Population (2006 census)
- • Total: 4,361,002
- • Estimate (2022): 7,499,100
- • Rank: 8th of 36
- • Density: 188.35/km^{2} (487.82/sq mi)

GDP (PPP)
- • Year: 2021
- • Total: $13.97 billion 26th of 36
- • Per capita: $2,074 31st of 36
- Time zone: UTC+01 (WAT)
- postal code: 720001
- ISO 3166 code: NG-JI
- HDI (2022): 0.371 low · 36th of 37
- Website: jigawastate.gov.ng

= Jigawa State =

State of Nigeria

Jigawa (Jihar Jigawa; Leydi Jigawa 𞤤𞤫𞤴𞤮𞤤 𞤶𞤭𞤺𞤢𞤱𞤢) is a state in Nigeria, located in the North-west region of the country. Jigawa was created on 27 August 1991, under the General Ibrahim Babangida military administration. Jigawa State was formerly part of Kano State and was located in its northeastern-most region. It forms part of Nigeria's national border with the Republic of Niger. The state capital and largest city is Dutse. Jigawa state has 27 local governments.

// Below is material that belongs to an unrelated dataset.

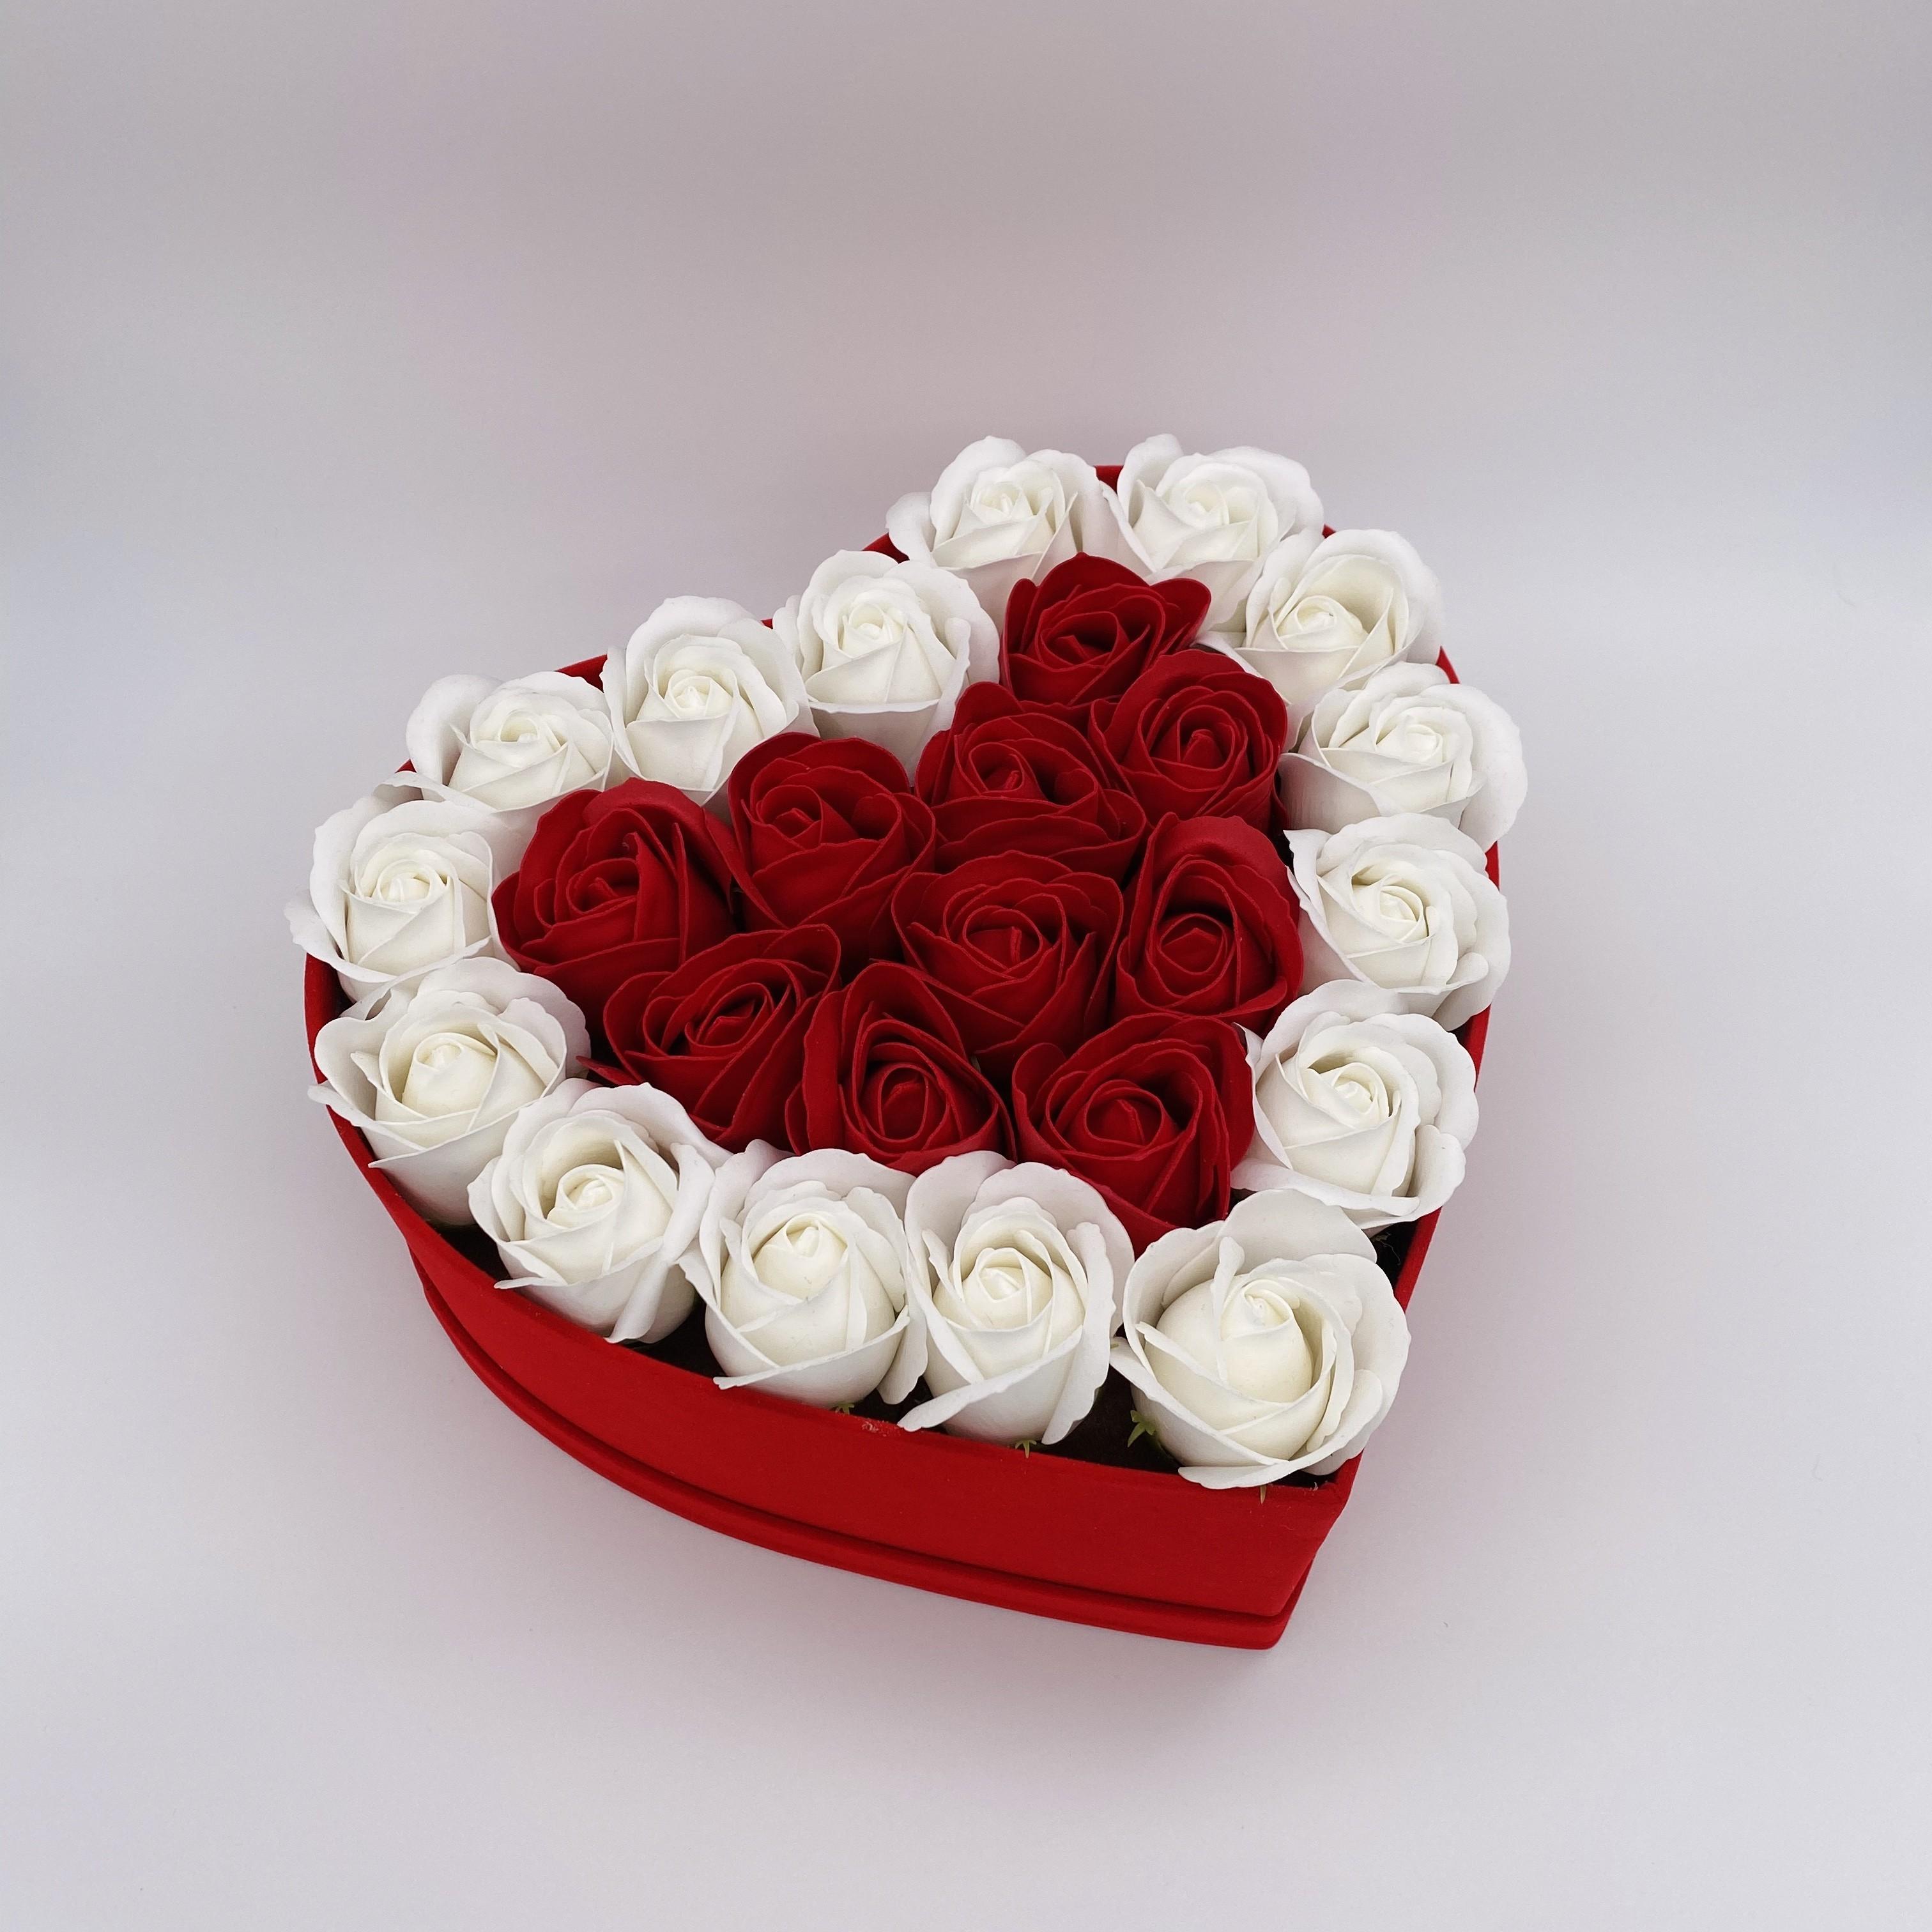 Aranjament Floral in forma de Inima, 25 Trandafiri Rosii/Albi, Cutie Rosie de Catifea, Mediu imagine techstar.ro 2021

The eighth largest state by population, residents of Jigawa State are predominantly of Hausa or Fulani background. The vast majority of the residents of Jigawa State are Muslim, and it is one of the twelve states in the country to be governed by Sharia law. Jigawa State is famous for the Dutsen Habude cave paintings in the town of Birnin Kudu, which have been dated back to the Neolithic period. The town of Hadejia (formerly Biram) is notable as being one of the traditional "seven true Hausa states".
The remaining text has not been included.